Though based on the notable Scholastic children’s book series, Legend of the Guardians proves that owls don’t open movies (see New Line’s 2006 family comedy Hoot, cume $8.1 million). Attaching 300 director Zack Snyder to Guardians likely drove up the cost, as Warner Bros. faced off creatively with the director, who kept a somber tone. The pic pulled 54% women. Warner hedged its cost with co-financier Village Roadshow, but wound up shelling out $50 million in U.S. marketing.
3-D premium charges worked in Guardians‘ favor: 72% of all ticket sales were 3-D, and matinees saw a 53% spike in Friday-to-Saturday numbers. Many animated films hold well; Cinemascore gave the owls an A-, while critics were split at 50% rotten. Guardians wound up pulling more women (54%) than men.
Poor Kristen Bell. In the wake of her cult UPN TV series Veronica Mars, she clearly lacks movie marquee allure even among women, judging from Disney’s ugly results on the $20 million You Again, which follows on the heels of another lackluster romantic comedy with the studio, When in Rome ($32.7 million domestic). Throwing Betty White into the You Again ensemble alongside Jamie Lee Curtis and Sigourney Weaver didn’t move the needle much, although the movie skewed toward women over 25, 75%. Cinemascore was B+. Disney kept a tight grip on its ad spending. Critics flunked the comedy with a 12% rotten score.

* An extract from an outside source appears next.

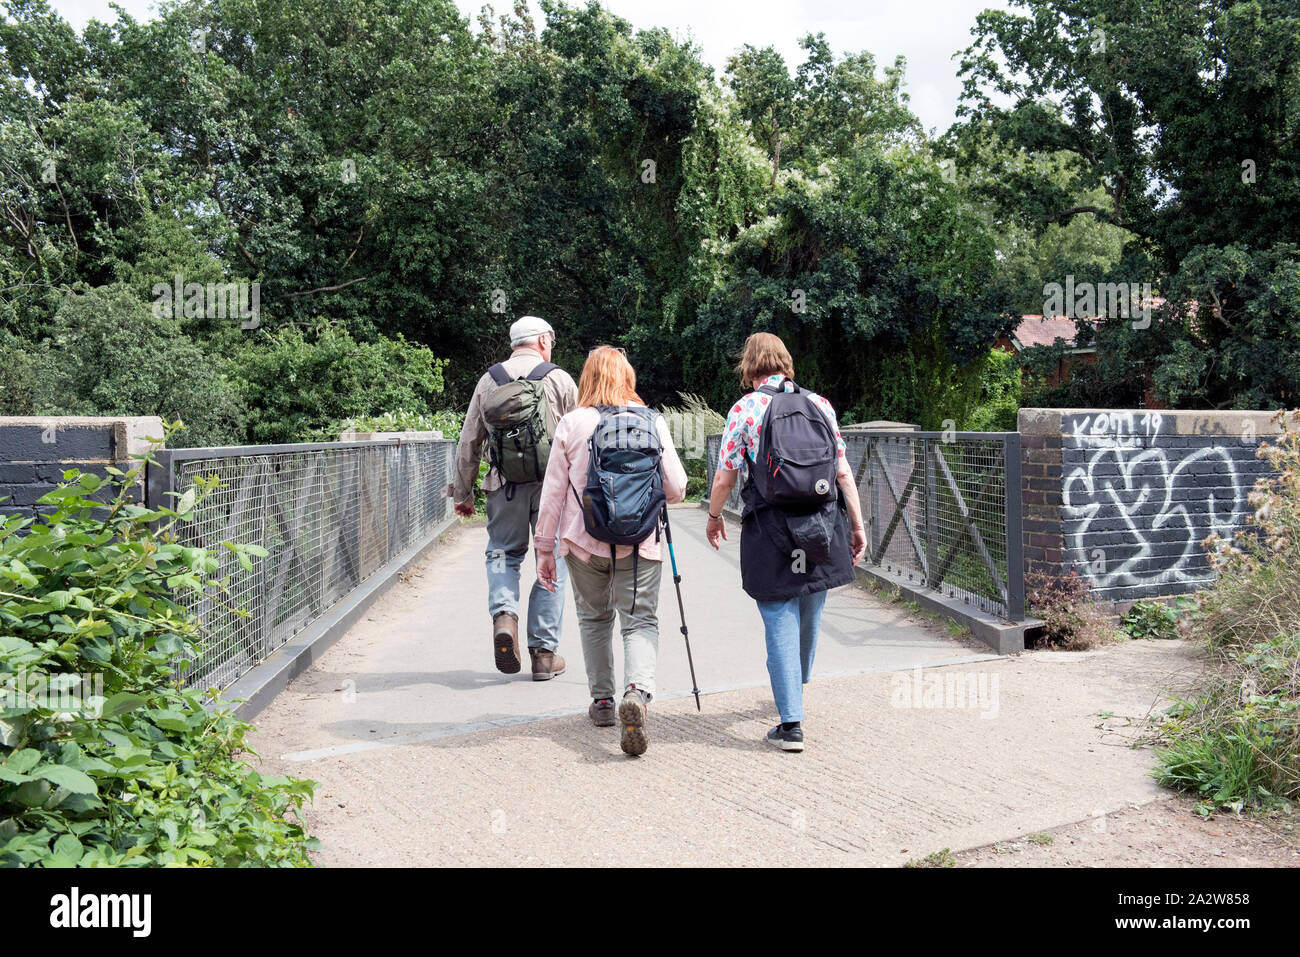 People walking along the Parkland Walk a disused railway line now an urban nature reserve, London Borough of Haringey England Britain UK Stock Photo

Bell knows her own worth, however. She’s eager to bring Veronica Mars to the big screen, and is willing to plunk down her own money. Bell has already crunched the numbers and figures that the property’s fan base adds up to some 3 million people. She still needs to convince rights holder Warner Bros. that Veronica Mars the movie is a more worthy cause than CG owls.

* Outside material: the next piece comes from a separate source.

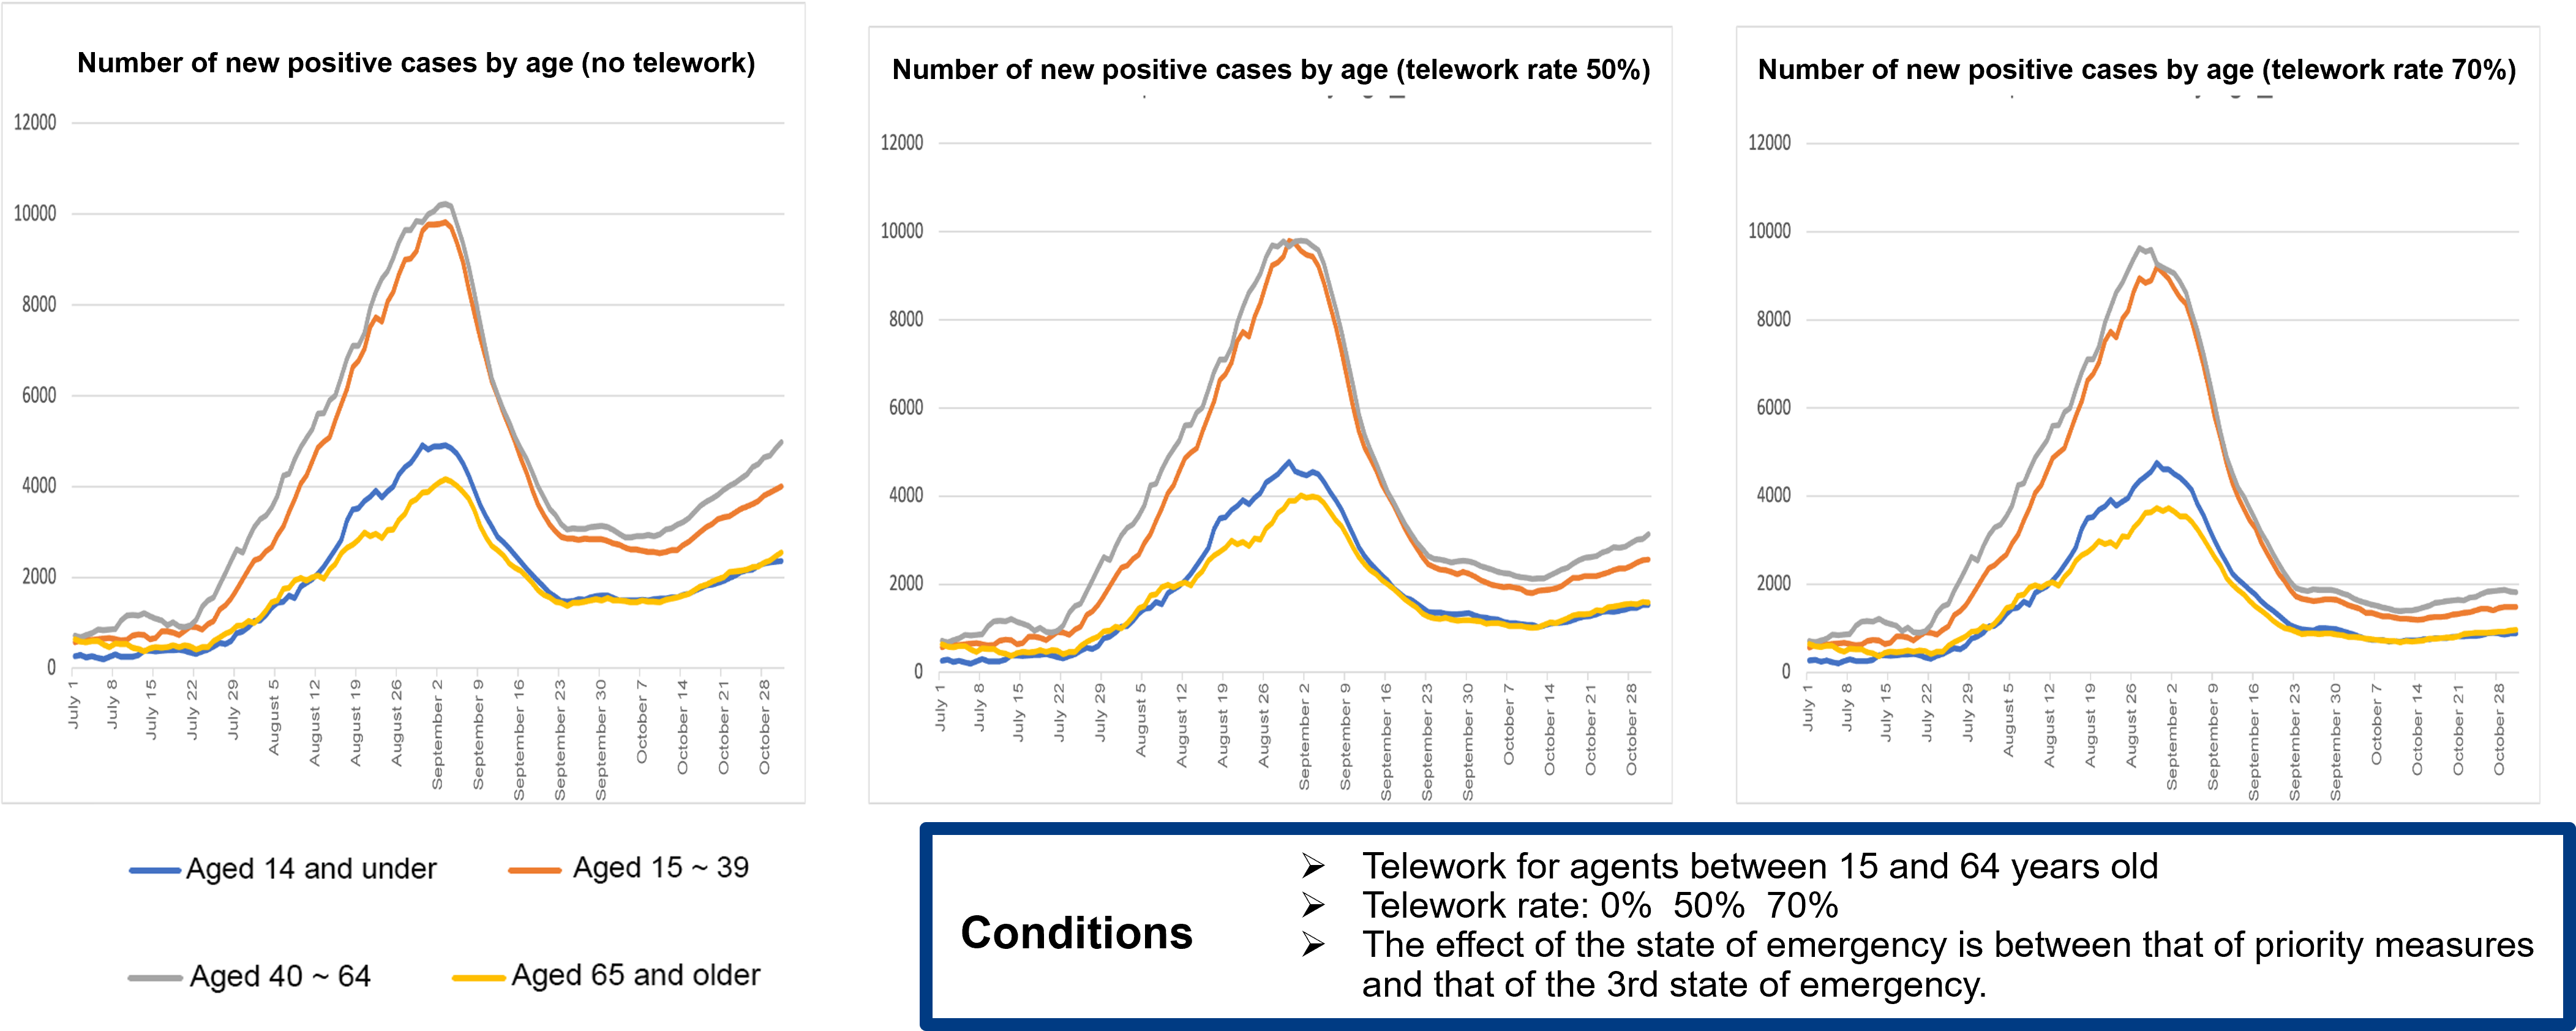 Number of new positive cases by age nationwide

Sony’s expansion of its microbudget teen comedy The Virginity Hit failed to arouse young auds en masse with $300,000 at 700 playdates. The Adam McKay-Will Ferrell production has been in limited sneak previous release over the last two weekends.
The top 10 films are as follows:
1. Wall Street: Money Never Sleeps (Fox): $19 million in its first weekend at 3,565 theaters. $5,330 theater average. Domestic total: $19 million.

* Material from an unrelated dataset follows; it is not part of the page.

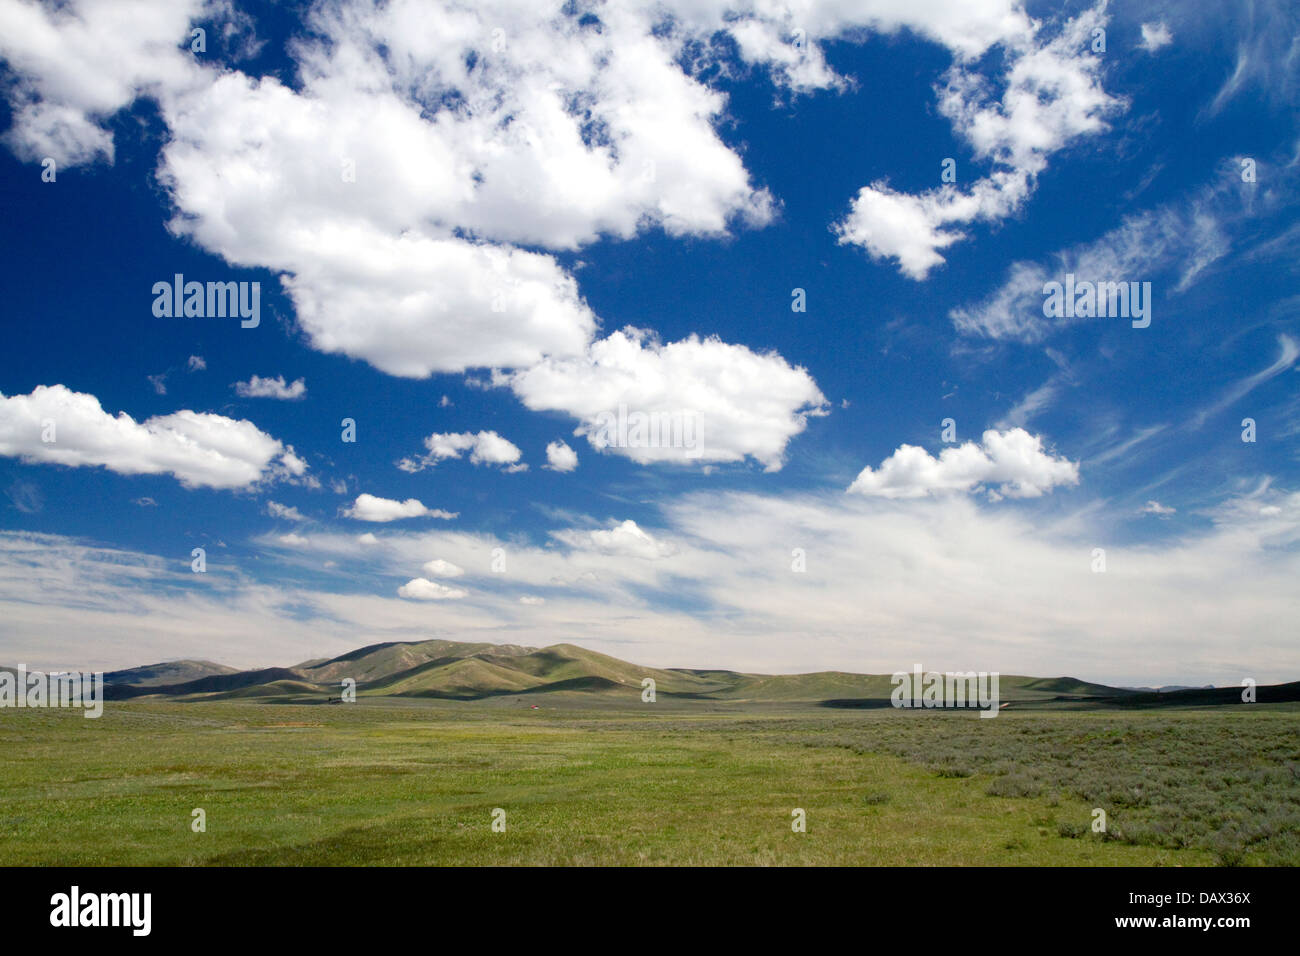 Cumulus clouds and blue sky over green fields near Pine, Idaho, USA. Stock Photo

2. Legend of the Guardians: The Owls of Ga’Hoole (Warner Bros.): $16.3 million in its first weekend at 3,575 theaters. $4,569 theater average. Domestic total: $16.3 million.
3. The Town (Warner Bros.): $16 million down 33% in its second weekend at 2,885 theaters. $5,556 theater average. Domestic total: $49.1 million.
4. Easy A (Sony/Screen Gems): $10.7 million down 40% in its second weekend at 2,856 theaters. $3,746 theater average. Domestic total: $32.8 million.
5. You Again (Disney): $8.3 million in its first weekend at 2,548 theaters. $3,257 theater average. Domestic total: $8.3 million.
6. Devil (Universal): $6.5 million down 47% in its second weekend at 2,811 theaters. $2,305 theater average. Domestic total: $21.7 million.
7. Resident Evil: Afterlife 3D (Sony/Screen Gems): $4.9 million down 51% in its third weekend at 2,642 theaters. $1,855 theater average. Domestic total: $52 million.
8. Alpha and Omega (Lionsgate): $4.7 million down 48% in its second weekend at 2,625 theaters. $1,790 theater average. Domestic total: $15.1 million.
9. Takers (Sony/Screen Gems): $1.65 million down 45% in its fifth weekend at 1,413 theaters. $1,168 theater average. Domestic total: $54.9 million.
10. Inception (Warner Bros.): $1.245 million down 37% in its thirteenth weekend at 907 theaters. $1,373 theater average. Domestic total: $287.1 million.